My dogs don't stink, they don't slobber, they are never are yappers and they don't even bother the neighbors at all. In fact any one who does not like dogs always fall in love with mine 

It's all about the owners in how they control their dogs, not the dogs fault .

I understand where you're coming from though, i was more of a dog person and didn't like cats, my husband liked cats and were O.K. with dogs but not very much. After awhile i just fell in love with cats and so did my husband towards dogs. Nowwe have 2 dogs and 2 kitties living in harmony ( most of the time) LOL


----------



## Husky42 (Sep 28, 2008)

I have yet to come across a dog that was extremely calm, mild and did not require a large amount of my time. 

Although my cat is quite needy dogs i have been around have been much more handfuls then 20 Jacks could be. 

My ex had a dog and it was the so stupid. Not saying that all dogs are stupid of course, but hers just drove me insane. 

Cats keep me calm


----------



## coco & little guy (Jan 5, 2004)

My two boys are like that, very dog like. They are both laying here with me right now. We are all catching up on our cat forum time....and listening to some music. We have already been outside twice today with them too. We are fortunate to have a completely fenced back yard full of hiding places and critters.
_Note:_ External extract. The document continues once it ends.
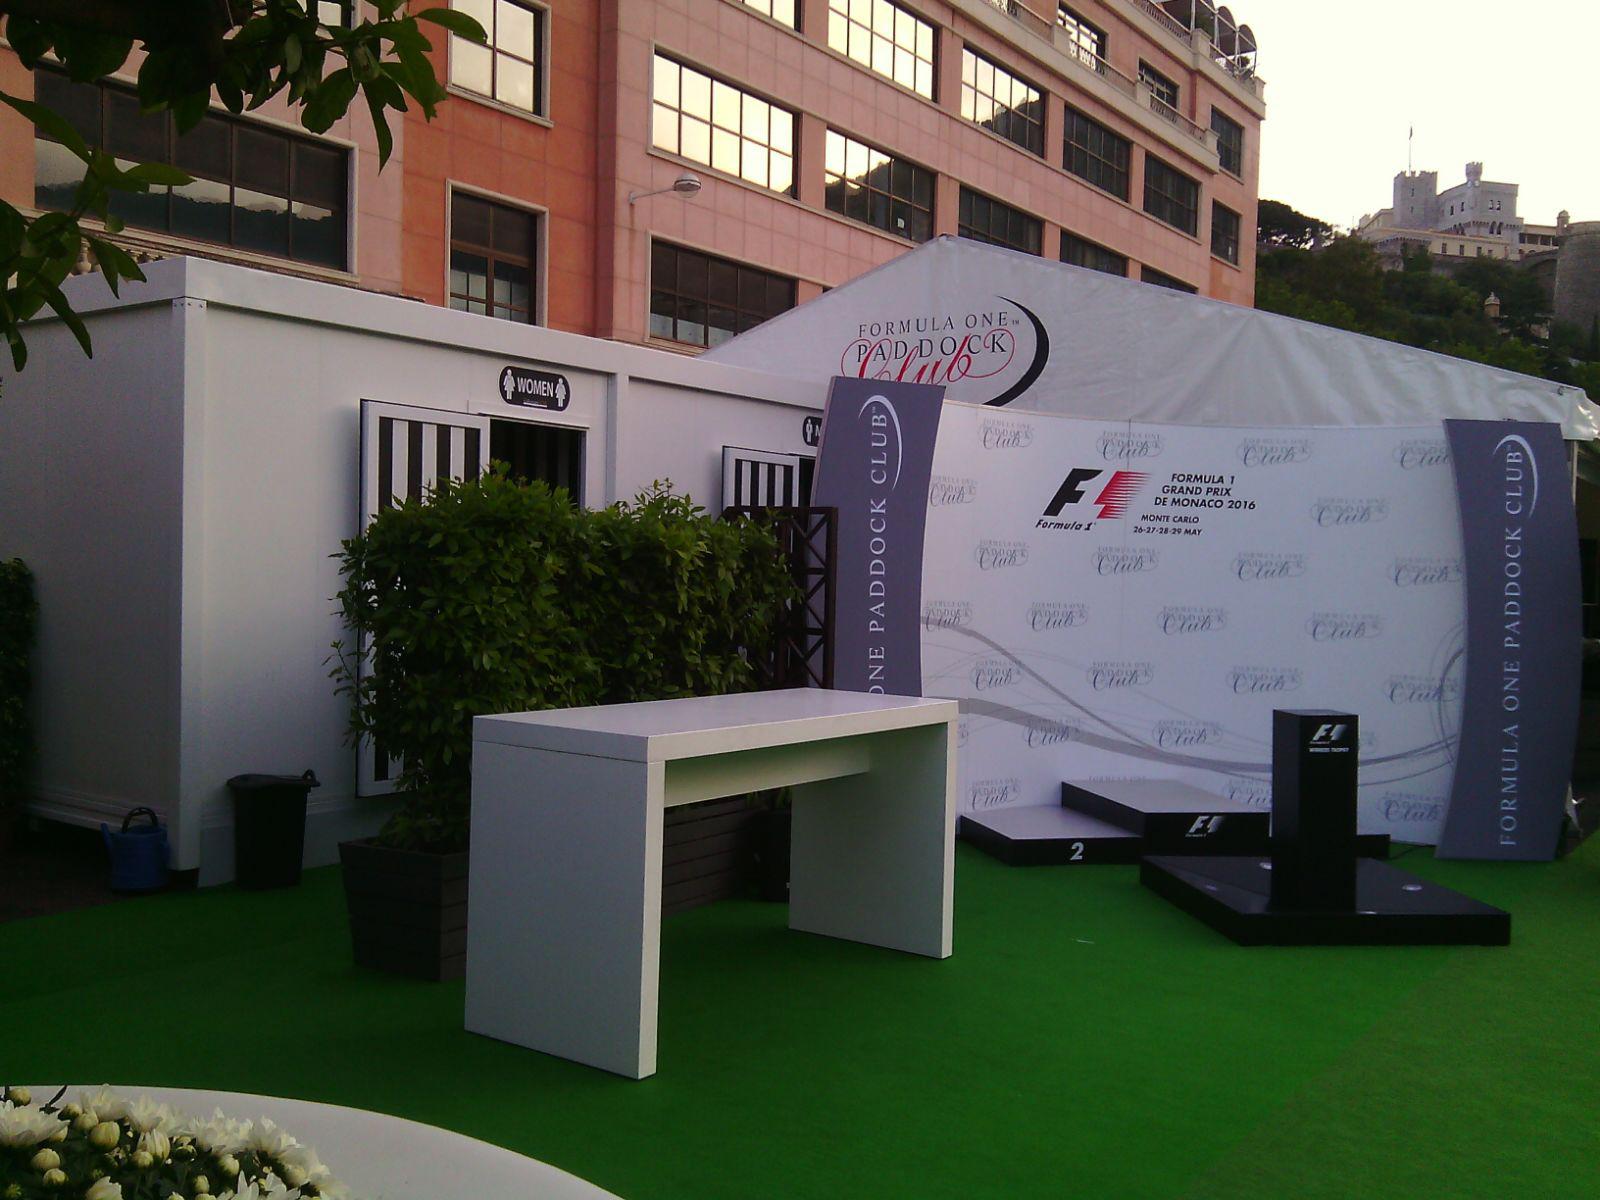 Mobili Di Lusso Veneto : Gran premio di montecarlo per le classtoilet tailorsan noleggio wc

They love being outside, but when we are out there with them, they love it more! Like they have no worries about any strange noises, etc. I wasn't a cat person until we found our two out in the back yard. They are brothers from a liter of 5. I can not tell you or anyone how much they both mean to me and my g/f. They have enriched our lives in too many ways to count. We have been on vacation together twice in the past 6 years. I don't feel comfortable with anyone else watching them, plus I don't like being away from them either.

Jack seems like a good guy. I hope you have a long time together with him, just as I wish the same for myself and our two.


----------